The Malabadi Bridge or Karaman Bridge (Pira Mala Badî ("Bridge of the House of Badh"), Malabadi Köprüsü) is an arch bridge spanning the Batman River near Malabadi village in Silvan in southeastern Turkey. Construction began in the year AD 1146/47 during the Artuqid period, and appears to have been completed by about 1154 (AH 549). The bridge was commissioned by Husam al-Din Timurtash of Mardin, son of Ilghazi, and grandson of Artuk Bey which one of the important commander of the Oghuz Turks.

According to the local 12th-century historian Ibn al-Azraq al-Farīqī, the contemporary bridge replaced one built in 668/69 (AH 48) that had collapsed in 1144 (AH 539). Inconsistencies between the two surviving manuscript copies of Ibn al-Azraq's account make it difficult to definitively identify the Malabadi bridge as the one he refers to as the Qaramān or Aqramān bridge. Nevertheless, many aspects of his geographical description and historical account support this identification.

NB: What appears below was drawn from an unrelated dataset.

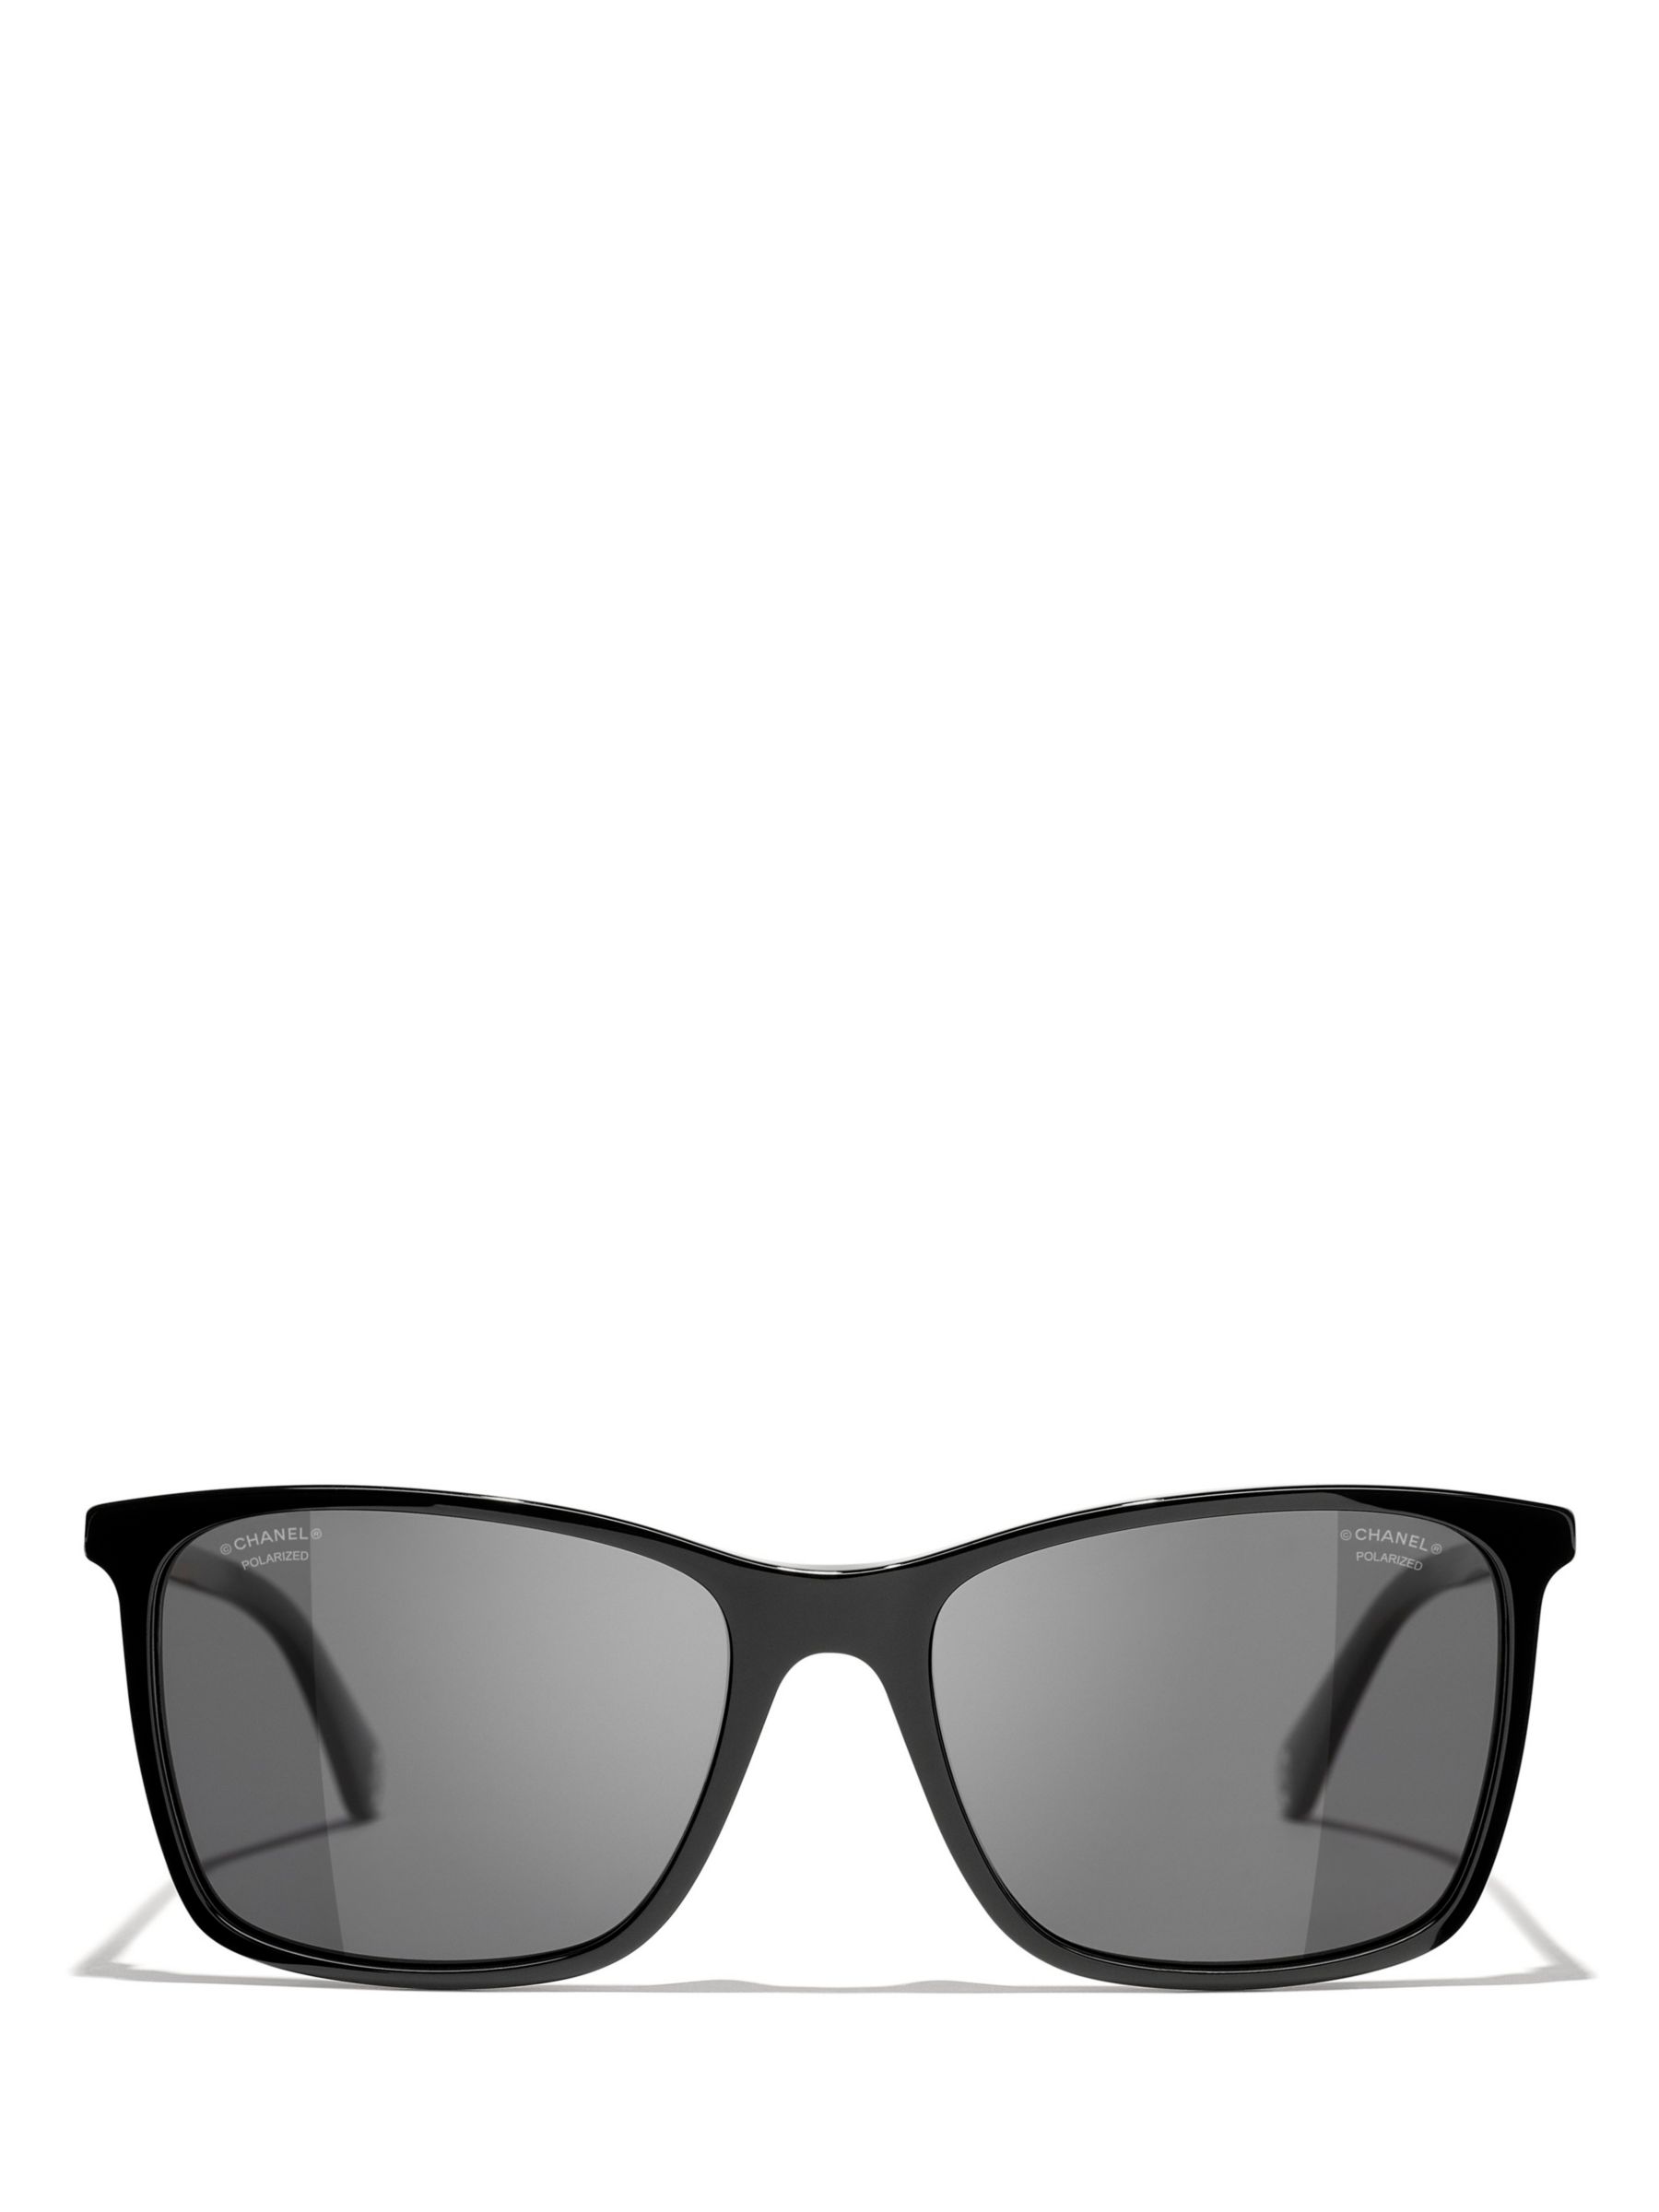 Chanel Rectangle Sunglasses CH5483 54 Grey & Black & White Sunglasses

Ibn al-Azraq says that construction of the current bridge was initiated by the Artuqid ruler of Mayafaraqin and Mardin al-Saʿīd Ḥusām al-Dīn Temür-Tash in 1146/47 (AH 541), under the supervision of al-Zāhid bin al-Ṭawīl. After al-Zāhid had built the bridge's eastern footing it was destroyed by floods. Al-Zāhid was fined for "defective craftsmanship" and replaced by Amir Saif al-Dīn Shīrbārīk Maudūd bin ʿAlī (bin Alp-Yaruq) bin Artuq. Shīrbārīk restarted the work under the supervision of Abuʾl-Khair bin al-Ḥakīm al-Fāsūl, who used massive timbers in the construction. By 1153 the bridge was nearly finished. However, at the time of the death of Ḥusām al-Dīn Temür-Tash on 18 January 1154, the arch was not yet complete. His successor, Najm al-Dīn Alpī, set about completing the bridge, and, although work was again interrupted by flooding, "[h]e built and repaired it and completed the joining of the arch."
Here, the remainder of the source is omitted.